The Wildcats are one of 35 eligible Division I programs to have never appeared in the NCAA Division I men's basketball tournament.

Team History

Pre-Division I (1930–1979) 
For the first 50 years of their program, the Bethune–Cookman Wildcats men's basketball team competed in the NCAA Division II. Through this era, they had 8 different coaches. The most notable coach from this era was former Bethune-Cookman and Pittsburgh Steelers player Jack "Cy" McClairen. Some accomplishments during this era include qualifying for the NIBT tournament twice, the NAIA tournament once, and the NCAA Division II tournament three times.
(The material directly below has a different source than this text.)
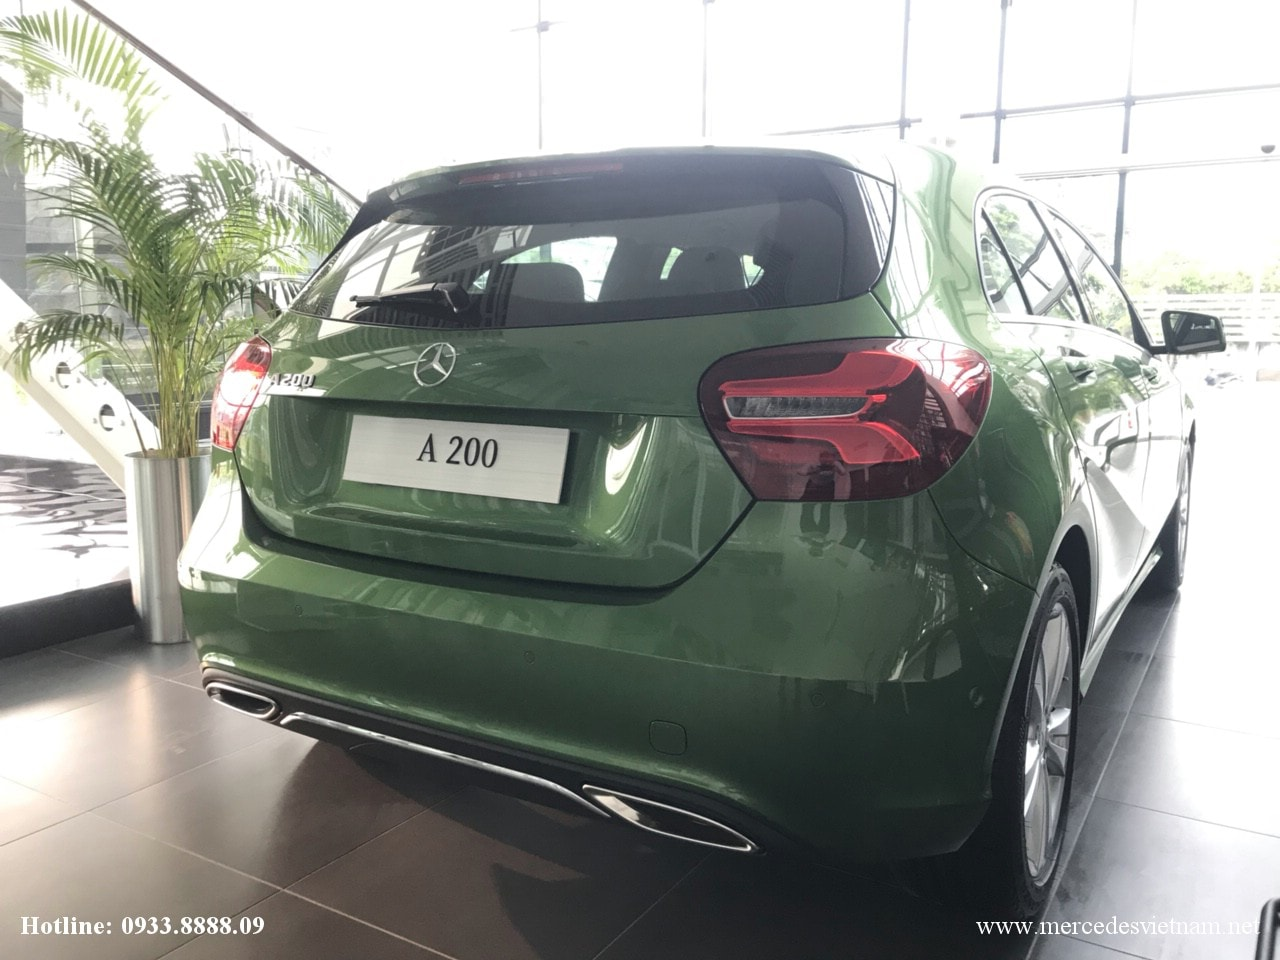 Mercedes A200 2018 2019 moi (2)-min

All of these post-season runs ended in defeat for Bethune-Cookman.

Division I Era (1980–Present Day) 
After competing in NCAA Division II for 50 years, the team was invited to play in the NCAA Division I. In 2021, Bethune-Cookman accepted an invitation to join the Southwestern Athletic Conference (SWAC). Originally, the team played in the Mid-Eastern Athletic Conference (MEAC). During this time, the only tournament the Wildcats have made is the NIT tournament. Though they now play in the NCAA Division I, they have never made a tournament appearance.

Results by season in Division I (1980–2021)

Postseason results

NCAA Division II tournament results
The Wildcats have appeared in the NCAA Division II Tournament three times. Their combined record is 0–6.

NAIA tournament results
The Wildcats have appeared in the NAIA Tournament one time. Their record is 0–1.

NIT results
The Wildcats have appeared in one National Invitation Tournament (NIT). Their record is 0–1.

Notable players

 Kevin Bradshaw, NCAA basketball record-holder for points in a single game, player in the Israeli Basketball Premier League
 John Chaney, 41st Winningest Men's Basketball Coach 
 Cy McClairen, Former Player, Bethune-Cookman's Winningest Head Coach, and Athletic Director.
Carl Fuller, Drafted into the ABA in the 7th round by the St. Louis Hawks.
Johnny Allen, Drafted into the ABA in the 4th round by the San Diego Rockets.
Sam Barber, Drafted into the ABA in the 16th round by the Boston Celtics.